Here, we download the same indicators as above directly from the Gridded dataset underpinning the Copernicus Interactive Climate Atlas so the values can be compared.

When downloading the Atlas dataset from the CDS, it is not possible to specify a specific year or model like it is for e.g. CMIP6. Instead, data are downloaded in blocks of several decades and include all model members. To prevent memory issues from loading so many data at once, a custom function is used that downloads the data for each indicator and pulls out only the year and model member of interest. Because this is done in sequence (one indicator after another) rather than in parallel (all at the same time, like a normal earthkit-data download), this can result in the following cells taking relatively long (>1 hour) to run the first time.

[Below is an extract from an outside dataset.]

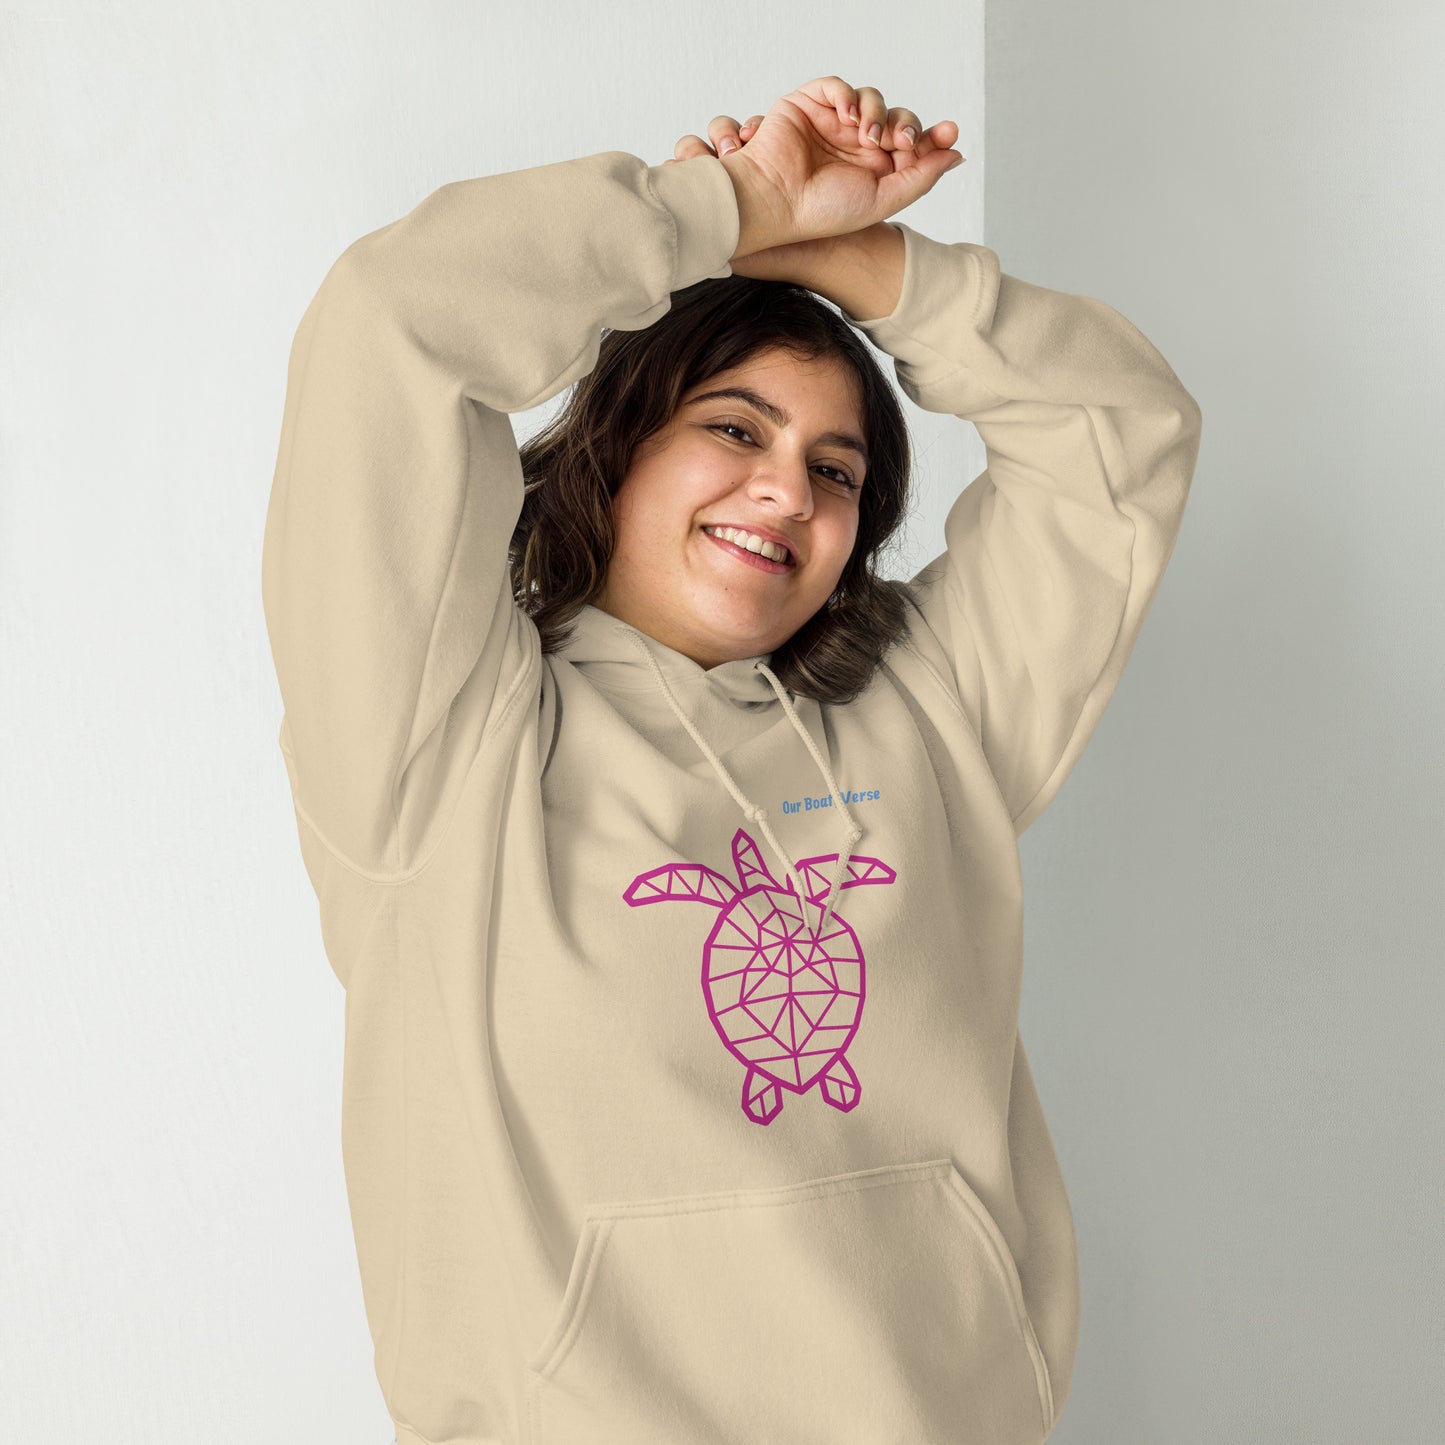 Turtle Love Hoodie by Our BoatyVerse

After the first time, caching in earthkit-data will (if enabled) speed this section up significantly.

Hide code cell source

# Setup: General request
DOMAIN = "global"
BIAS_ADJUSTMENT = "no_bias_adjustment"

request_atlas = {
    "origin": ORIGIN,
    "experiment": EXPERIMENT,
    "domain": DOMAIN,
    "period": YEARS,  # Automatically expanded, e.g. 2080 becomes 2015-2100 on the CDS
    "bias_adjustment": BIAS_ADJUSTMENT,
}

Hide code cell source

# Download Atlas data
# Monthly indicators
requests_atlas_monthly = create_requests_for_variables(request_atlas, indicators_monthly_names)
indicators_atlas_monthly = download_atlas_data_onemember(requests_atlas_monthly, YEARS, MODEL)

# Annual indicators
# requests_atlas_annual = create_requests_for_variables(request_atlas, indicators_annual_names)
# indicators_atlas_annual = download_atlas_data_onemember(requests_atlas_annual, YEARS, MODEL)

Hide code cell source

indicators_atlas_monthly
<xarray.Dataset> Size: 78MB
Dimensions:          (time: 12, lat: 180, lon: 360)
Coordinates: (12/16)
  * lat              (lat) float64 1kB -89.5 -88.5 -87.5 ... 87.5 88.5 89.5
  * lon              (lon) float64 3kB -179.5 -178.5 -177.5 ... 178.5 179.5
  * time             (time) datetime64[ns] 96B 2080-01-01 ... 2080-12-01
    member_id        <U23 92B ...
    gcm_institution  <U4 16B ...
    gcm_model        <U9 36B ...
    ...               ...
    threshold20c     float64 8B ...
    threshold0c      float64 8B ...
    threshold1mm     float64 8B 1.0
    threshold10mm    float64 8B ...
    threshold20mm    float64 8B ...
    height10m        float64 8B ...
Data variables: (12/26)
    t                (time, lat, lon) float32 3MB dask.array<chunksize=(12, 26, 52), meta=np.ndarray>
    crs              int32 4B -2147483647
    tn               (time, lat, lon) float32 3MB dask.array<chunksize=(12, 26, 52), meta=np.ndarray>
    tx               (time, lat, lon) float32 3MB dask.array<chunksize=(12, 26, 52), meta=np.ndarray>
    dtr              (time, lat, lon) float32 3MB dask.array<chunksize=(12, 26, 52), meta=np.ndarray>
    tnn              (time, lat, lon) float32 3MB dask.array<chunksize=(12, 26, 52), meta=np.ndarray>
    ...               ...
    huss             (time, lat, lon) float32 3MB dask.array<chunksize=(12, 26, 52), meta=np.ndarray>
    psl              (time, lat, lon) float32 3MB dask.array<chunksize=(12, 23, 52), meta=np.ndarray>
    sfcwind          (time, lat, lon) float32 3MB dask.array<chunksize=(12, 26, 52), meta=np.ndarray>
    clt              (time, lat, lon) float32 3MB dask.array<chunksize=(12, 26, 52), meta=np.ndarray>
    rsds             (time, lat, lon) float32 3MB dask.array<chunksize=(12, 23, 45), meta=np.ndarray>
    rlds             (time, lat, lon) float32 3MB dask.array<chunksize=(12, 26, 52), meta=np.ndarray>
Attributes: (12/26)
    Conventions:                CF-1.9 ACDD-1.3
    title:                      Copernicus Interactive Climate Atlas: gridded...
    summary:                    Monthly/annual gridded data from observations...
    institution:                Copernicus Climate Change Service (C3S)
    producers:                  Institute of Physics of Cantabria (IFCA, CSIC...
    license:                    CC-BY 4.0, https://creativecommons.org/licens...
    ...                         ...
    geospatial_lon_min:         -180.0
    geospatial_lon_max:         180.0
    geospatial_lon_resolution:  1.0
    geospatial_lon_units:       degrees_east
    date_created:               2024-12-05 15:51:48.916442+01:00
    tracking_id:                89974d82-56b6-4b47-958e-5954716013d3

Hide code cell source

# indicators_atlas_annual

4. Results#

This section contains the comparison between the indicator values retrieved from the Atlas dataset vs those reproduced from the origin dataset.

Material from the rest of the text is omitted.